__Assignment__.
Images are not wanted; transcribe the rest of the listing exactly.

__Recorded data__.
-- Opening Marker --

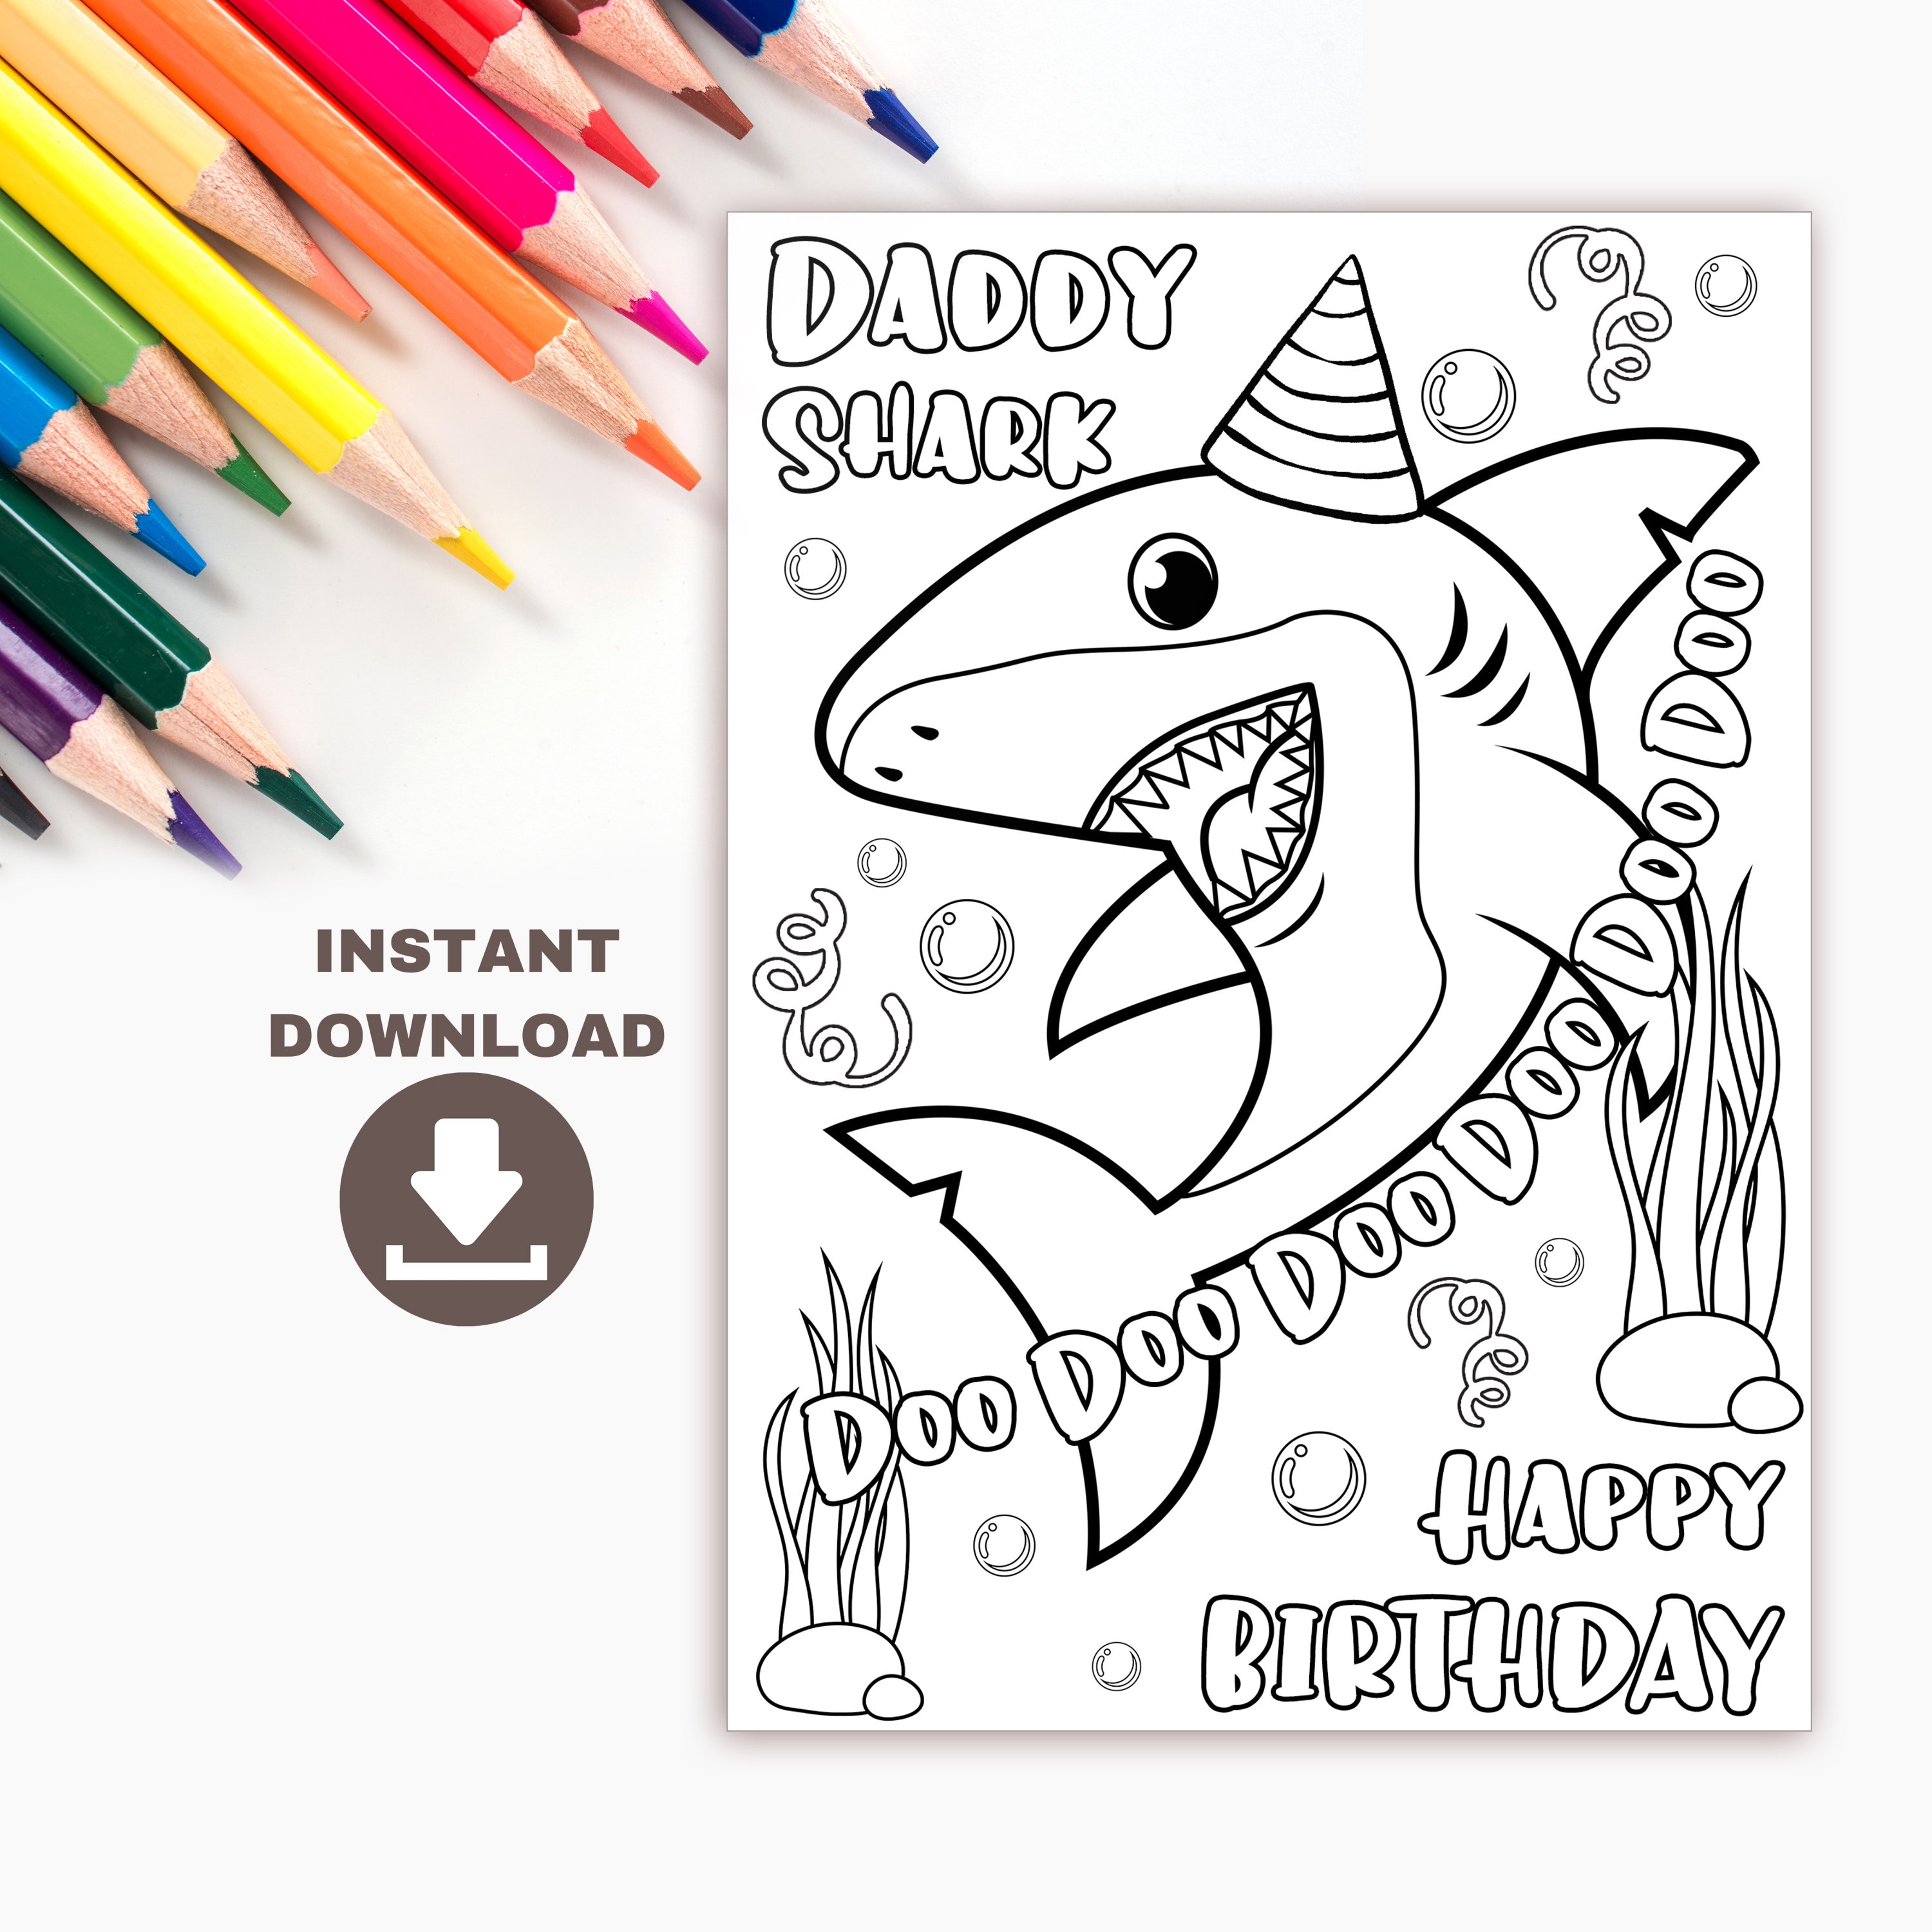 Daddy shark printable birthday coloring card for kids funny diy birthday card for dad digital download coloring page for dad birthday
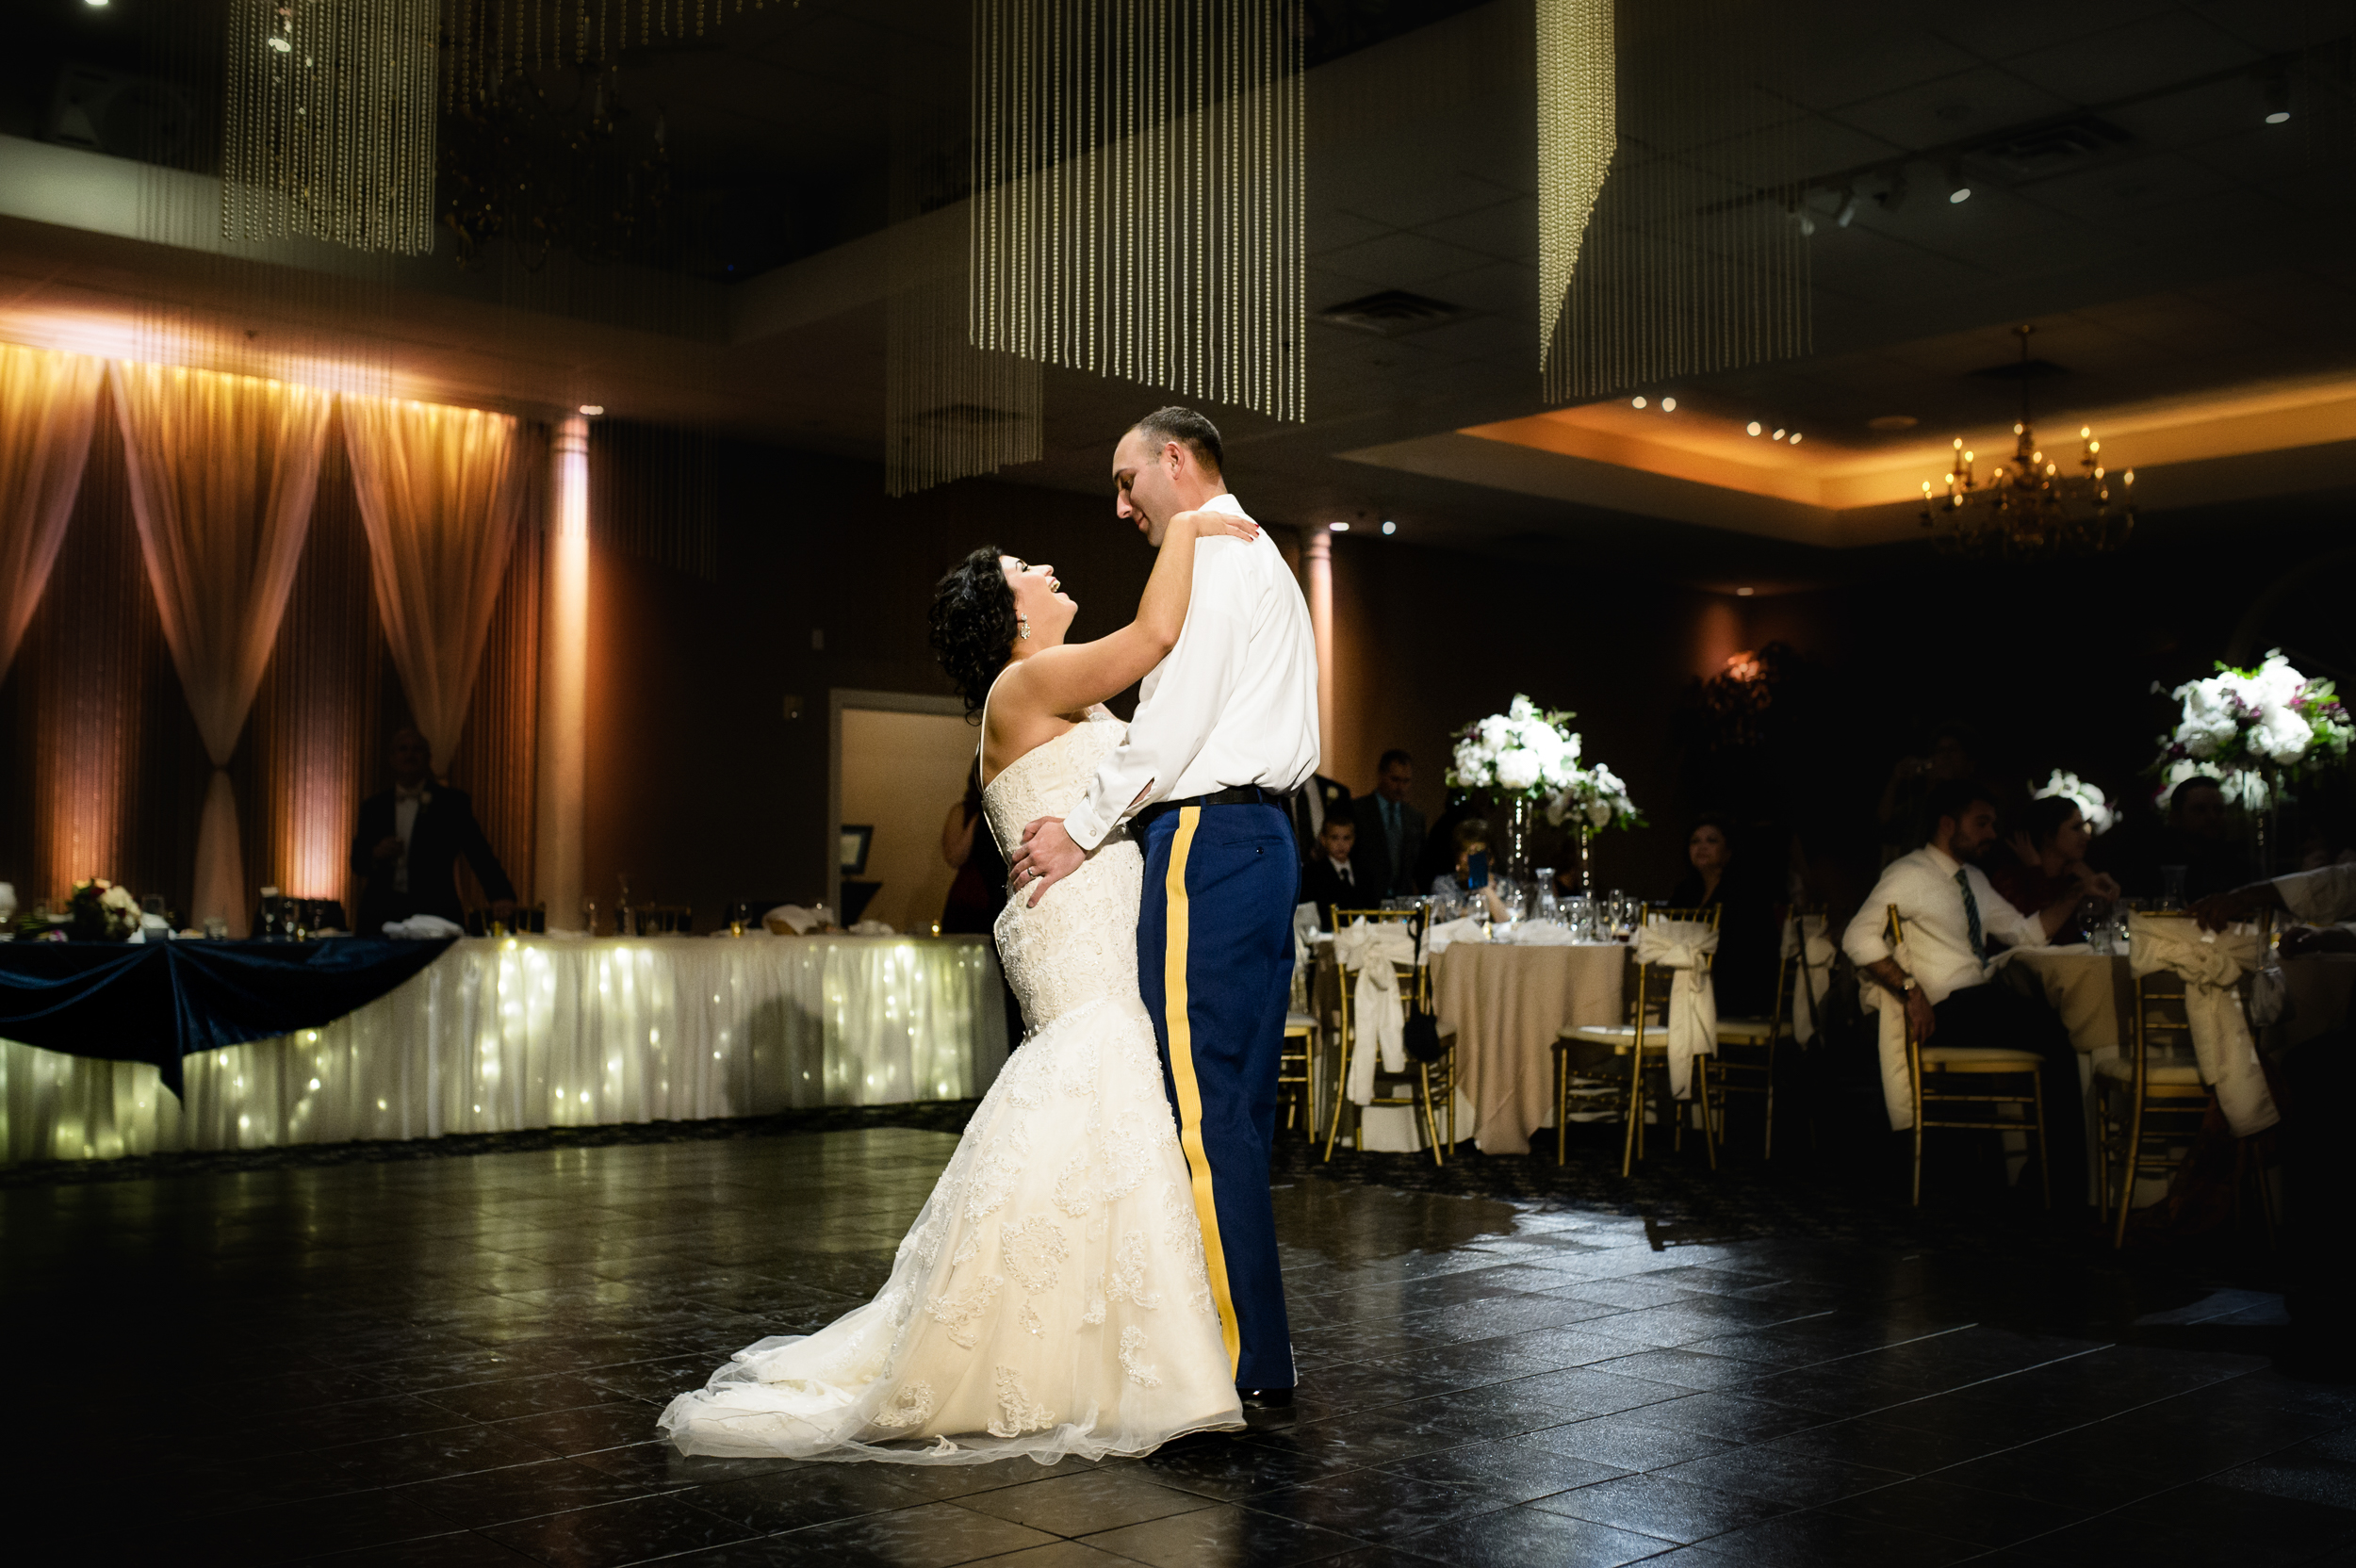 Aberdeen Manor Wedding Venue - Northwest Indiana Wedding Photographer Region Weddings
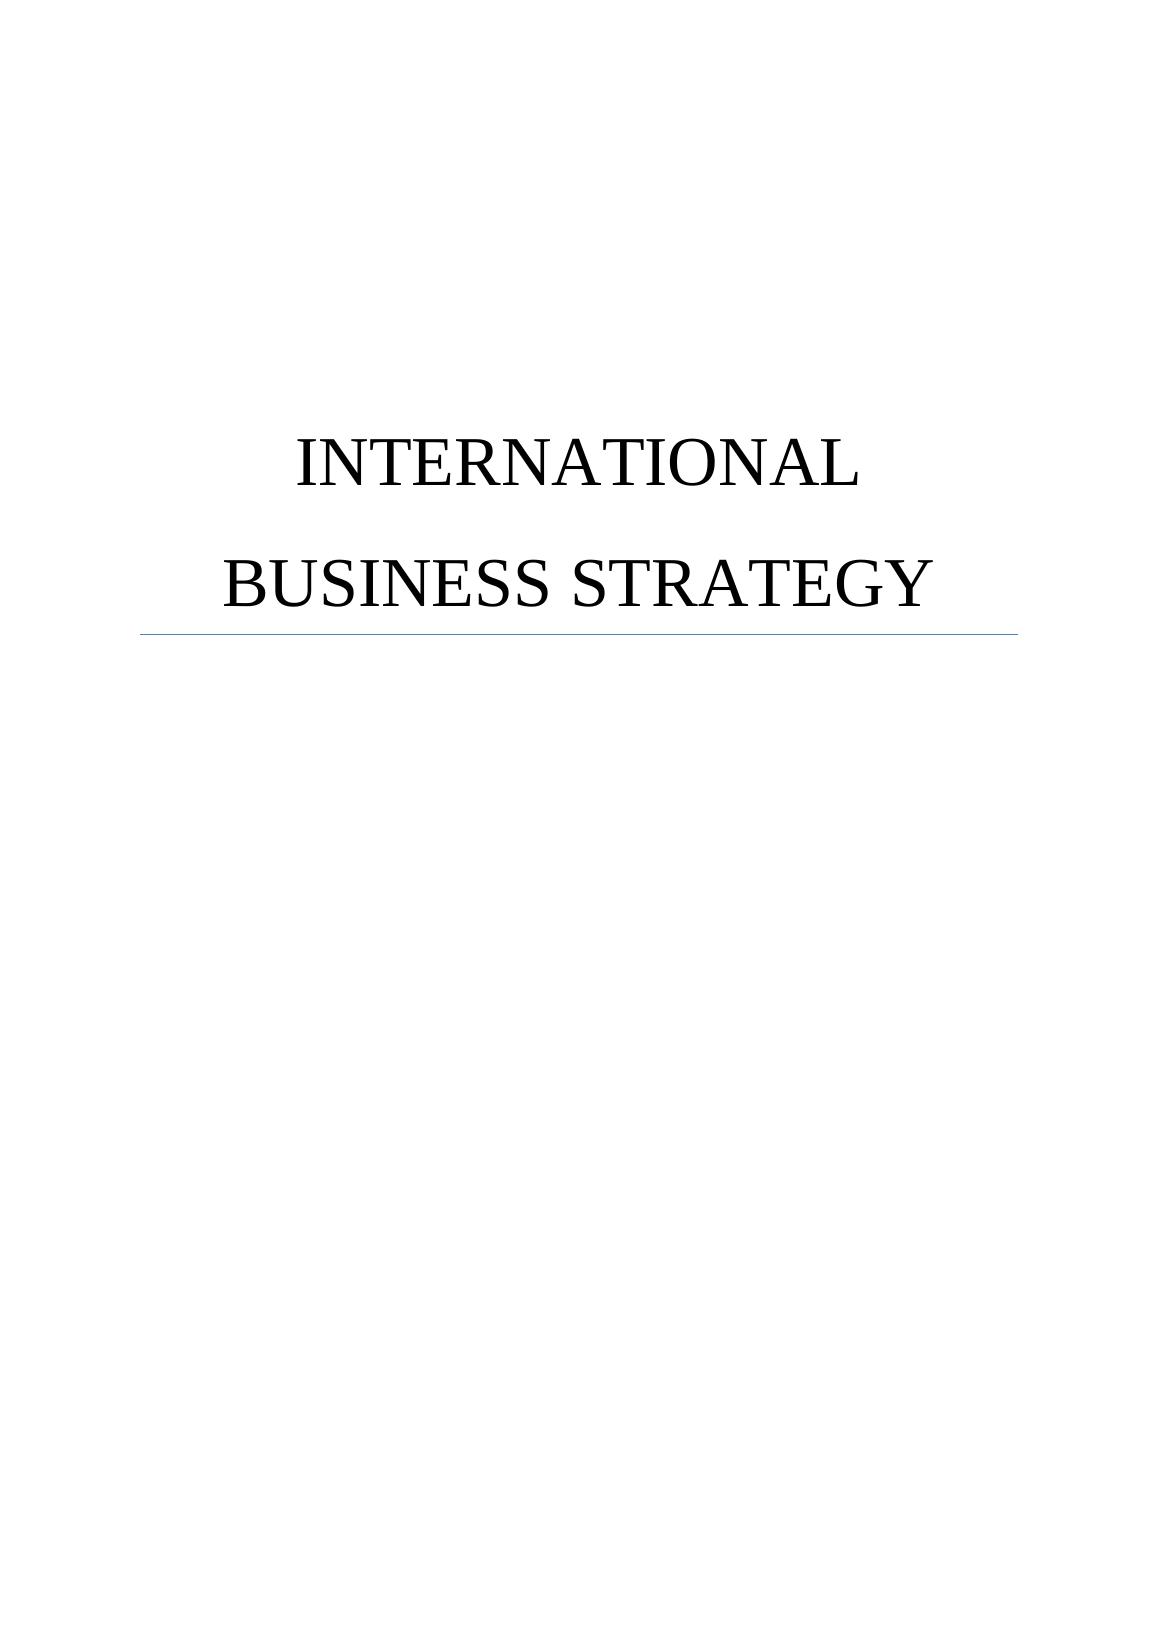 International Business Strategy_1

-- Closing Marker --

__Your solution__.
 Daddy shark printable birthday coloring card for kids funny diy birthday card for dad digital download coloring page for dad birthday
 Aberdeen Manor Wedding Venue - Northwest Indiana Wedding Photographer Region Weddings
 International Business Strategy_1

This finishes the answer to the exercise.